— Прошлой ночью... — Я замялся, прокручивая в уме слова, что грозили сорваться с языка: «Я предоставил тебе больше правды в одном сообщении, чем когда-либо предоставлял кому-то». Кого я пытался обмануть? Ей было абсолютно наплевать. Ее не должно было это волновать.
«Веди себя как мужик, идиот, и забудь о связи, что ты полагал, существует между вами».
Нила резко развернулась; на ее щеках пытал огненный гнев.
— Прошлая ночь! Ты еще смеешь говорить мне о прошлой ночи? Когда я провела весь вечер, оплакивая членов семьи, которые подчинялись таким, как ты?
Слабость, которая царила внутри меня, как по волшебству превратилась в гнев. Я устремился вперед, нависая над ней.
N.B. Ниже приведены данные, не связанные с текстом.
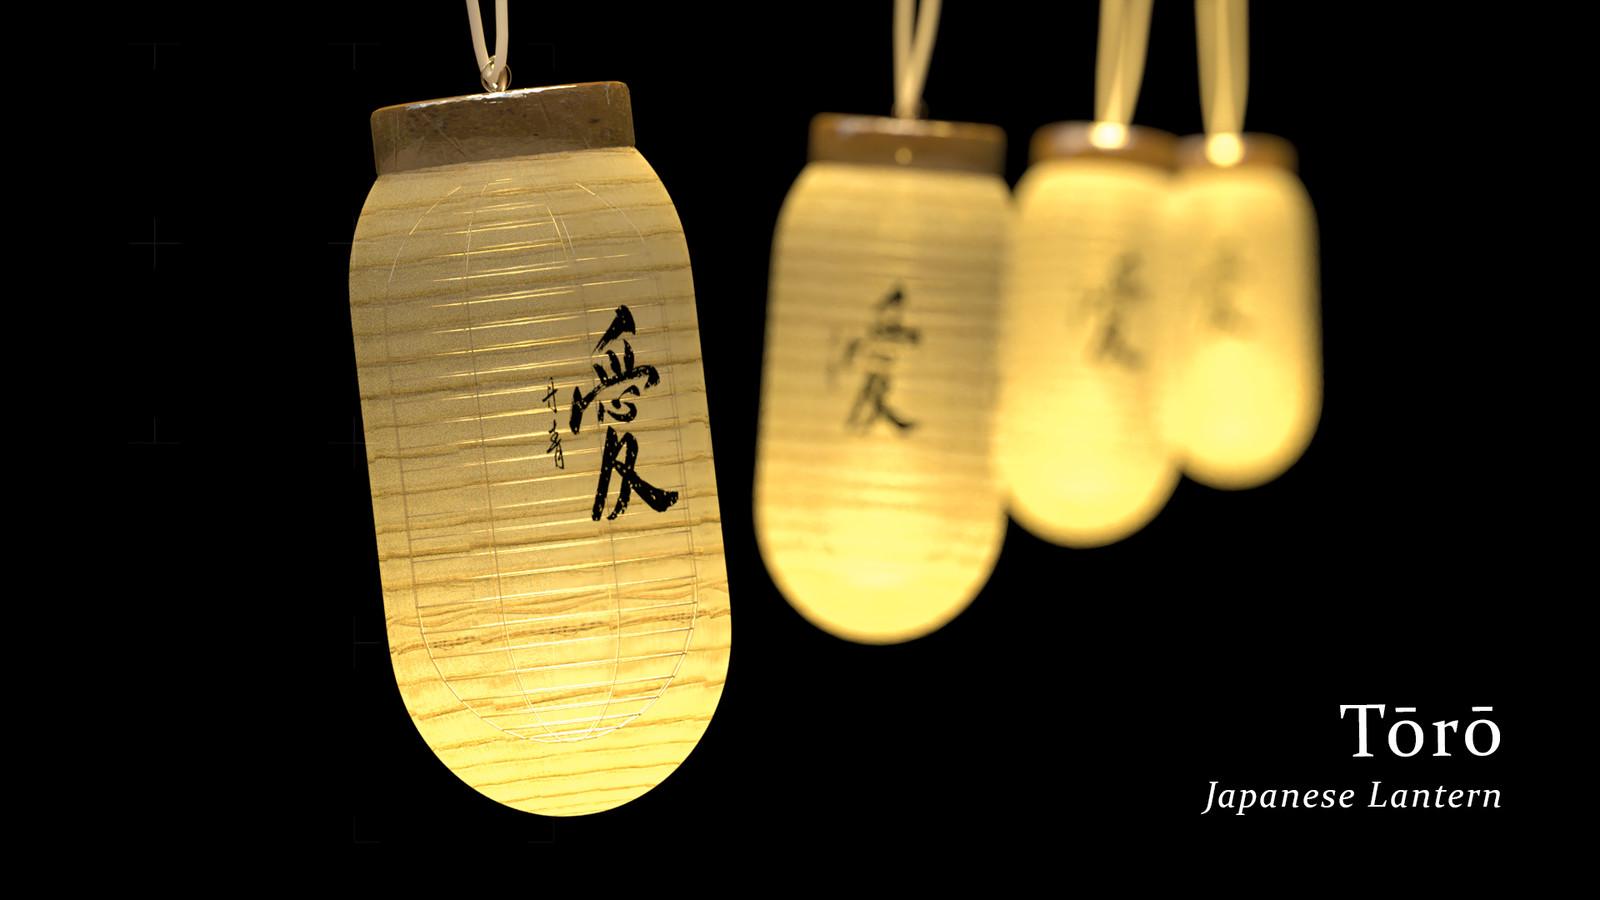 Japanese Lantern / Tōrō - Final Render

— Я тебе говорил, чтобы ты не ходила туда, мисс Уивер. Что бы ты не чувствовала в данный момент, это только твоя вина, но никак не моя. — Двигаясь быстро, я схватил ее безжалостной хваткой за локоть и дернул к себе со скамейки, на которой она сидела. — Довольно. С меня хватит этих воспоминаний, частью которых я не являюсь. — Встряхивая ее, я потащил ее от бесконечного количества материала по направлению к выходу.
Мои пальцы покалывали от моего прикосновения к ней. Мои легкие с жадностью втягивали ни на что не похожий запах хлопка, мела и Нилы. Если бы я не был чертовски зол, то ее запах бы очаровал меня. Это представляло собой крошечный оазис удовольствия в отличие от всего остального, с чем мне приходилось взаимодействовать.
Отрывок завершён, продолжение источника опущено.